Exports of southern Iraqi Basra crude ran near full capacity at 1.7 million barrels a day after repairs following sabotage attacks. The first shipment for three months of northern Iraqi Kirkuk crude was loading at Turkey’s export terminal Ceyhan.
An Iraqi official said Baghdad aimed to sell up to 300,000 barrels per day of Kirkuk crude via term contract deals. That was read as a sign Iraq is having some success in thwarting attacks that have all but idled exports from its northern pipeline since the US-led war began March last year. A number of European refiners are following the lead of Turkey’s Tupras, the first company to seal a post-war term contract for Kirkuk oil.
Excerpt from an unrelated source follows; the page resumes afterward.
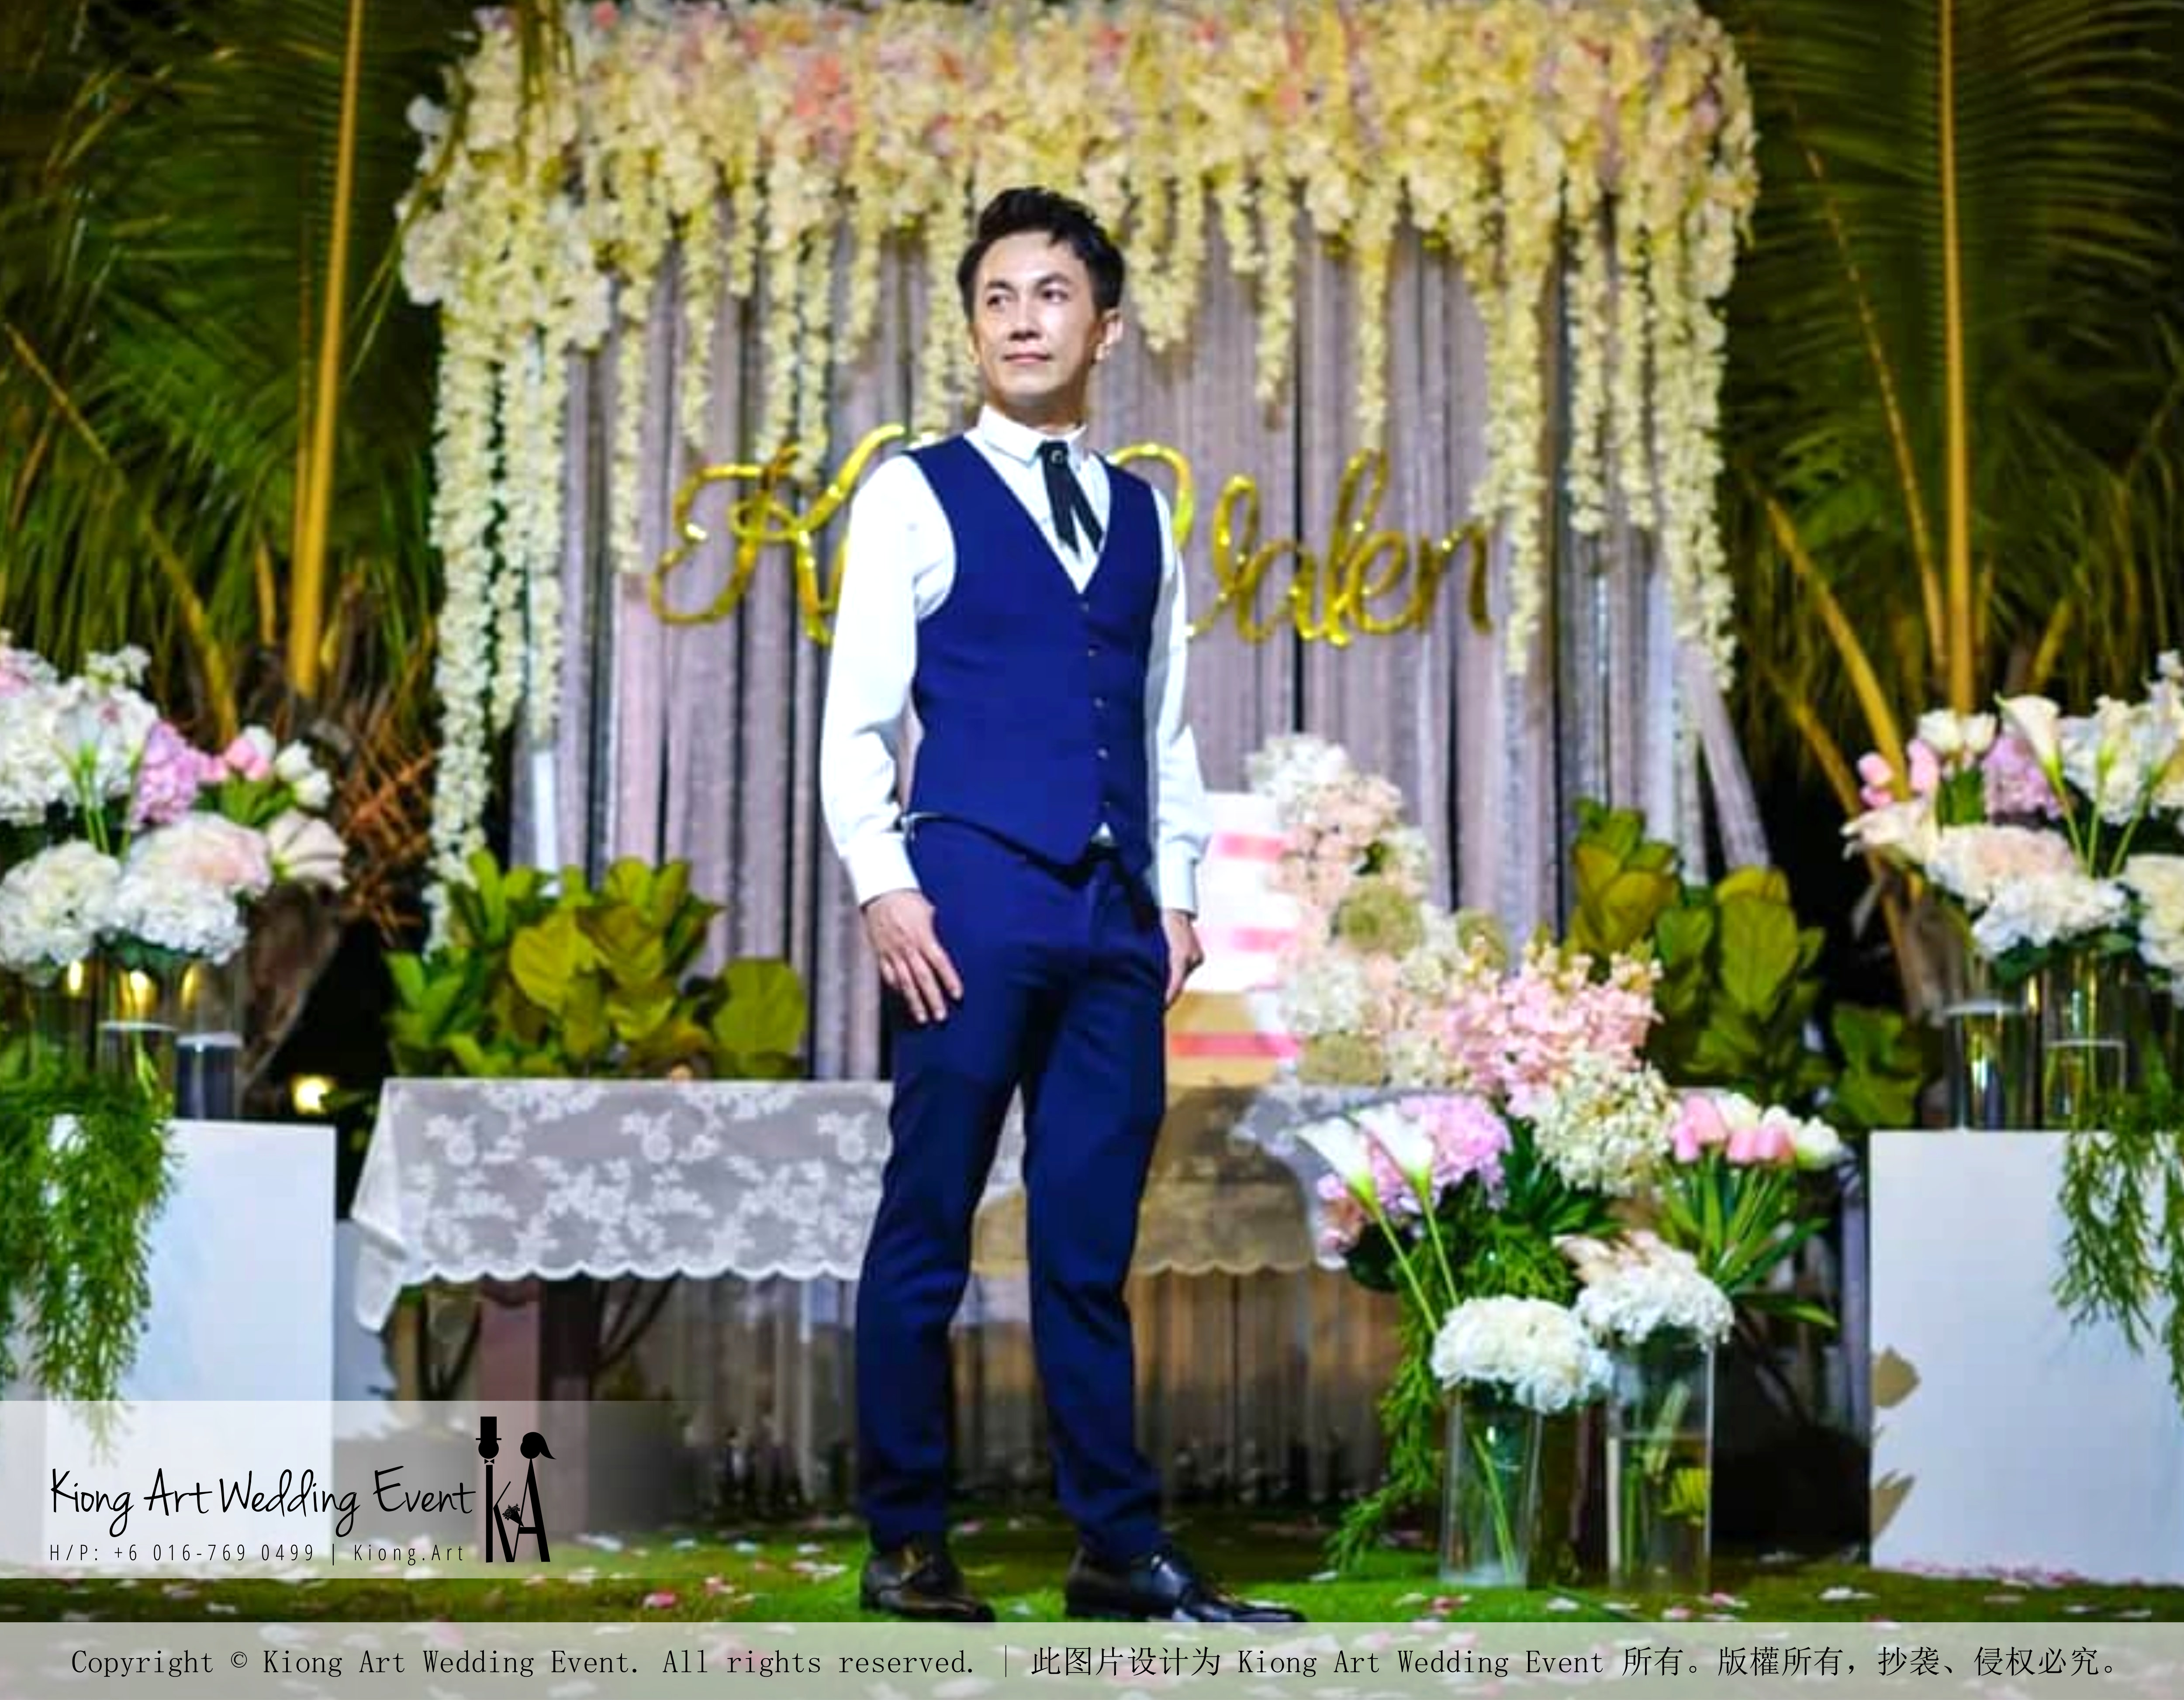 Kiong Art Wedding Event Kuala Lumpur Malaysia Wedding Decoration One-stop Wedding Planning Warm Outdoor Romantic Style Theme Kluang Container Swimming Pool Homestay A07-A01-50

“We hope to sell about 10 million barrels of Kirkuk a month through term contracts,” the official told Reuters. “We’re concentrating on Europe and have already had a number of requests from refiners there.”
Despite the price drop, crude is still nearly 30 percent higher than at the start of the year as producers pump close to full-tilt to meet the fastest world demand growth in 24 years.
OPEC President Purnomo Yusgiantoro said Monday the cartel which controls more than half of the world’s exports aimed to increase spare output capacity by about 1 million barrels per day (bpd) in the next few months to help bolster stretched supplies. OPEC is already pumping close to 30 million bpd, its highest level since 1979.
Only Saudi Arabia has any significant spare capacity within the 11-member cartel, which is due to meet Sept. 15 in Vienna to review output policy. Yusgiantoro said “non-fundamental” factors made it hard to forecast which side of the 45-dollar-per-barrel mark prices would now head.
“Right now it (the oil price) is still below 45 US dollars a barrel, whether it will go up or down, it’s difficult to predict,” Yusgiantoro told reporters in Jakarta. He said heavy demand from rapidly industrialising China and India was placing a burden on the oil market, while supply difficulties in Iraq were also putting pressure on prices.